The Don’t Raise Our Rents campaign is therefore calling on local councils to make sure that any rent increases placed on Scout groups are fair and affordable. From today, those Scout Groups affected, along with those councils raising rents and rates, will be identified at campaign website. The website will provide a national petition for the public to sign, as well as providing Scouts and Leaders with a toolkit to run local campaigns directed at specific councils.

The Scout Association acknowledges the efforts that some councils are already making to keep rents down. TSA hopes that the Don’t Raise Our Rents! campaign will encourage a more consistent approach by local authorities across the UK.

Commenting on today’s launch, Bear Grylls said,

“It is completely counter-productive for councils to charge Scouts such enormous rent increases. These crippling rises jeopardise the future of Scouting and the enormous amount of voluntary work we provide to communities week-in, week-out. We’re not asking councils for money.  We simply ask that they continue to recognise the importance of Scouting in their area. I hope that all those Groups affected will get involved in this campaign and help their local councils see sense.”

David Moreton, a Scout Leader from the 1st Raunds Scout Group in Northamptonshire, said:

“In the last year the hourly rent charged to my Scout Group by the county council has risen by 50%. We have had to raise the costs we charge our Beavers, Cubs and Scouts and also raise an extra £5,000 year to cover these and other increased costs. I know this is not just a problem that impacts on our Group but all those Groups in Northamptonshire that rent facilities from the local Authority. We know times are tough but all we want is a fair and reasonable rent: - these new charges are not fair and reasonable”

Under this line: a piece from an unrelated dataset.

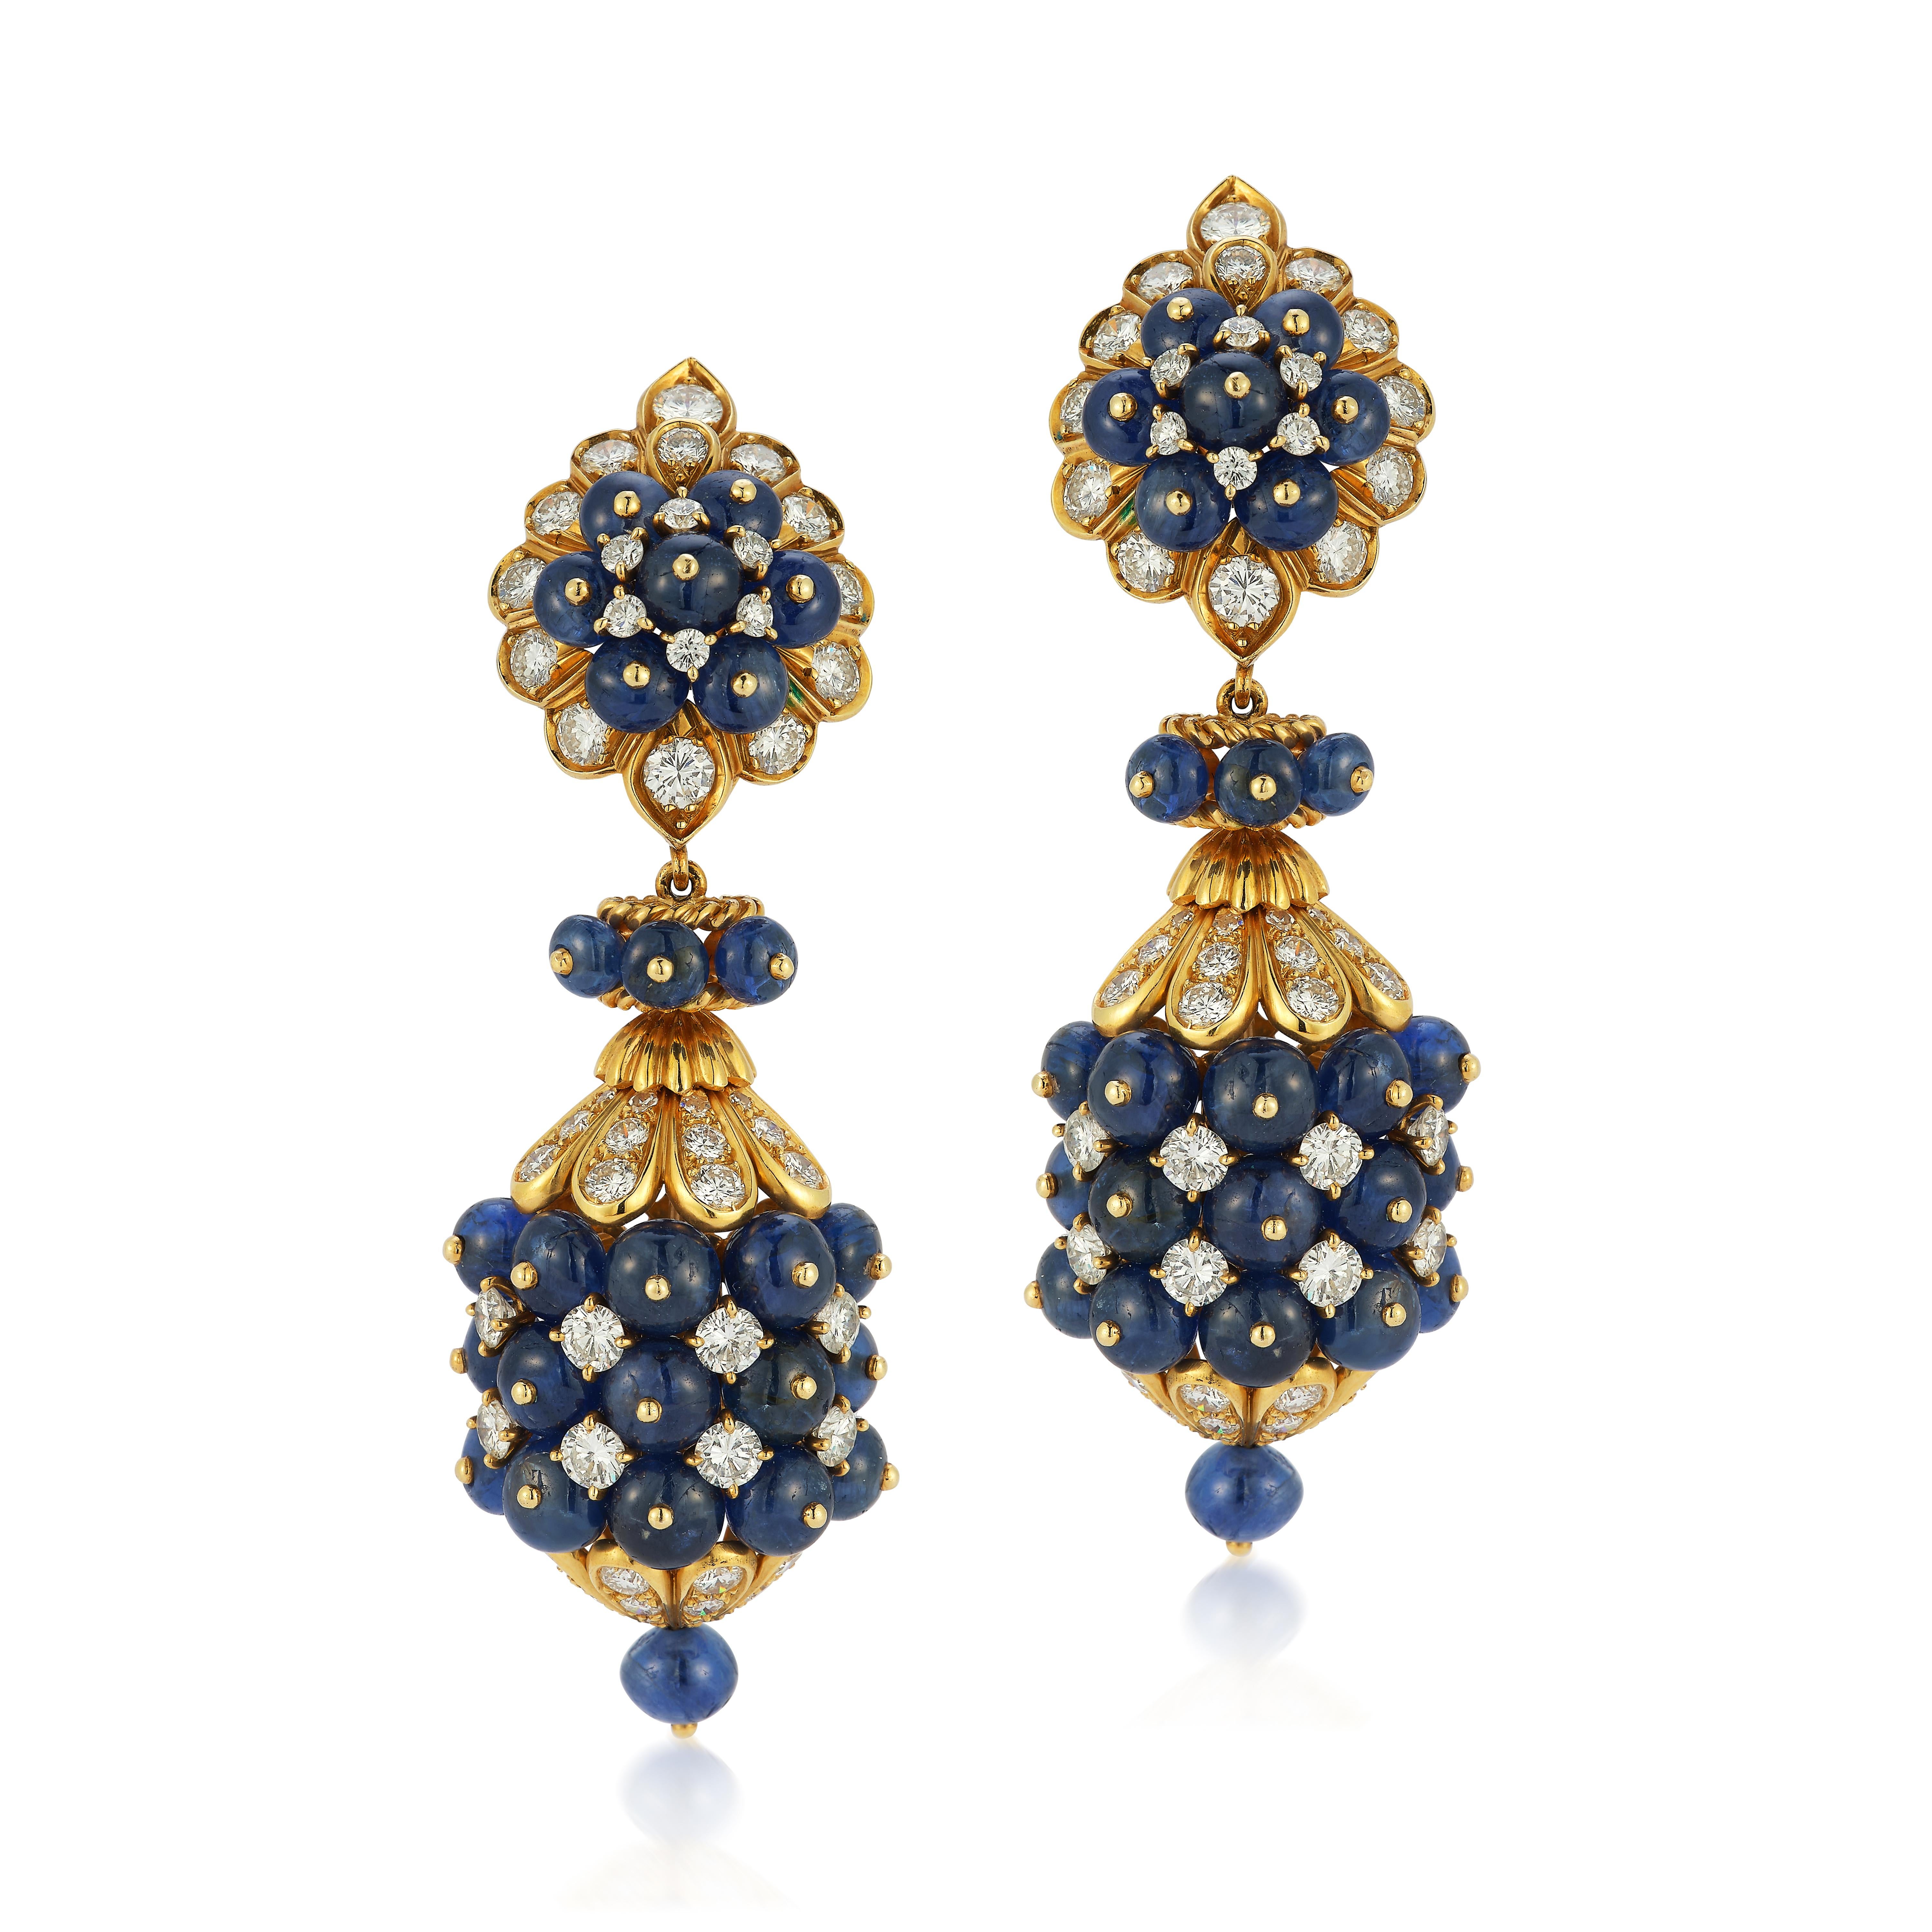 Van Cleef and Arpels Day and Night Sapphire Earrings - A pair of 18 karat gold earrings set with sapphire beads and approximately 6.1 carats of round and single cut diamonds. The pendants are detachable allowing the earrings to be worn two different

There are some councils who recognise the importance of Scouting to local communities and have kept rents at fair and affordable levels.

Success stories include:

  • Chelmsford Borough Council continues to exempt local Scout groups from council tax and charge them £15.00 per year ground rent.
  • The 1st Moss Wrexham Scout group rent a community hall from Wrexham Borough Council.  The rent has increased steadily over the years, more or less in line with RPI, and the group have use of a modern refurbished hall, toilets and a kitchen.  The hall is well lit, heated and cleaned regularly.  The normal rate to hire the room to the general public is £50 per night.  This deal represents great value and annual increases in line with RPI allow groups to budget accordingly.

The Value of Scouting to local communities:

  • Approximately 110,000 adults support Scouting in the UK. (Leaders, Commissioners, parent helpers etc).
  • Scout volunteers give 37,620,00 hours per year to the community.
  • The contribution of all adults working in the Movement is equivalent to £380m paid services for young people annually.
  • Twice as many teenagers involved in Scouting, volunteer in community projects than the national average (55% of young people who are scouts volunteer in their local community compared to 28% of non-Scouts?.
  • It costs the equivalent of £300 to train a Scout Leader, meaning through its activities The Scout Association provides the UK economy with training worth approximately £5.5 million per year.